Friday, August 23, 2013

The Semantic World and the Narrative

If there's a better name for the semantic world, I'd like to hear it.

Steve Sailer and others talk about the Narrative. In small form, the Narrative is about whatever PC elements apply to a particular news story. Trayvon Martin was a victim of stereotyping in the Narrative, for example. In this way, the Narrative is the way we are supposed to think about hot-button topics when they appear.

In a larger sense, the Narrative is about the West's unerring march of progress. Ideas of the past are conquered unconditionally and today is better than all the days before it. We are smarter and more free than we ever have been but we still must do battle with ignorance and oppression. Tomorrow, more false ideas will be defeated and we will be better people than even today.

More people every day are seeing that the Narrative is fiction as what we see in the media becomes more of an alternate universe than a picture of reality. In this separation we can see what I mean by the semantic world.

The thought first came to me in one of my universities. We were studying early colonial writings about the Americas, particularly Amerigo Vespucci's. Vespucci's accounts were salacious, portraying the natives as being lax in apparel and loose in morals. It was advertising, really, to get royal subjects to become colonists but it was also creating an understanding of the Americas in the European mind. It was an expansion of the semantic world.

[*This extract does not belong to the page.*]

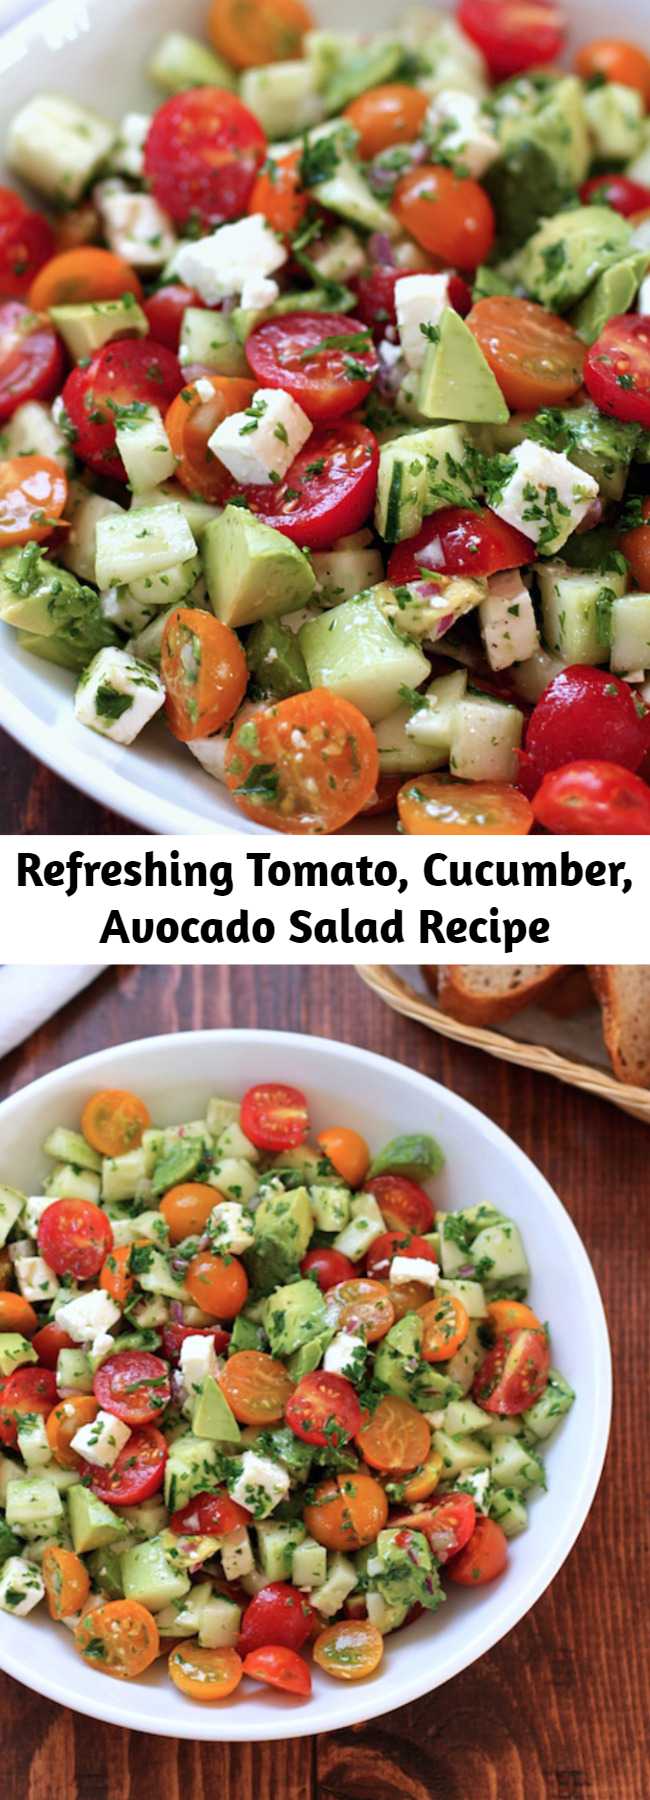 Refreshing Tomato, Cucumber, Avocado Salad Recipe - This tomato, cucumber, avocado salad is an easy, flavorful summer salad.  It’s crunchy, fresh and simple to make.  It’s a family favorite and ready in less than 15 minutes.

Operation in the semantic world is most obvious in talk show monologues. Shallow and obvious, the jokes are precisely about what we all are expected to understand. Lindsay Lohan likes drugs. Donald Trump has weird hair.

And, of course, Paula Deen. The old connection was "Paula Deen=butter." "Butter" is "butter=unhealthy food." "Unheathy food±white trash." Paula Deen also equals "Southern," which also plus-or-minus equals "white trash."

Clearly, there weren't too many steps to "racist," so the revelations of her using the Forbidden Word easily attached that association to her. "Racist" is our cultural trump word, the association that blots out all other qualities. Turn on Letterman tonight and see that "Paula Deen=racist."

I don't mean to start talking in formulas; they don't effectively communicate what I mean, anyway. The semantic world is more of a cloud than clear connections.

Semantic connections are both malleable and stubborn. We're reaching the end of the age in which they have been the most manipulated and moving to a time, I think, of battling understandings.

Let me unpack that statement. In our post-Christ era, understanding of the things in the world was dominated by Catholic meaning. The printing press was an opportunity for that understanding to be both spread and challenged by alternative viewpoints. The marketplace of ideas was open to the public.

The marketplace remained free, if limited by means and geography, until the early 20th century as the media industries became centralized profit generators, the era of Hearst and Pulitzer, the movie studios and the broadcast companies. (Europe and Britain were a little further along and a little different but we've ended up in the same place.)

Around the time of WWII--and I heard about this a lot in J-school--the news industry made it a goal to become objective reporters of the day's events, abandoning the proselytizing that was the reason most newspapers were founded.

Looking back, this aspiration to objectivity was more about sales than nobility, no matter what Edward R. Murrow might tell you. Being a Republican paper in a Democratic city limits the number of possible readers. Still, the ensuing generations of reporters were taught with objectivity as an ideal.

An illustrative thumbnail aside:  Take the different semantic representations of the reporters in The Front Page and those in All the President's Men. In the former, the reporters are eager to find facts that make a hot story; in the latter, the reporters are out to expose corruption.

The main problem with centralization is that the temptation to abuse one's power is irresistible. As the news and entertainment media became more monolithic, it became too easy to editorialize in subtle ways. Show Dan Quayle staring off into space, maybe. Show footage of the president throwing up into someone's lap. What was someone going to do, turn on ABC instead? They're all showing the same stuff.

The internet is a return to the free marketplace of ideas, where anyone can write a book or make a video and have it available around the world, which is more than any content producer in history ever had. The media conglomerates are scrambling as profits fall and their producers cling to their prestige.

As Big Media declines, we're entering an age in which ideas are battling on a more level field. The cognitive dissonance one feels when watching the news is no longer confined to the individual and his immediate circle--now he can go online and find out just how many people think the Narrative is fictional.

All of this happens in the semantic world, the world of our understandings. The monolithic media understands Paula Deen to be a racist; we understand her to be a victim of a PC witch hunt. The monolithic media understands itself to be a noble force of progress; we understand it to be an alienated echo chamber of elites.

The Narrative will fail because it doesn't fit the world as we already understand it, through our own experiences. It will fail because we bring the realities it ignores to the forefront again and again. It will fail because it's about understanding first, reality second.

The colonists eventually discovered that the natives weren't as licentious as they were led to believe.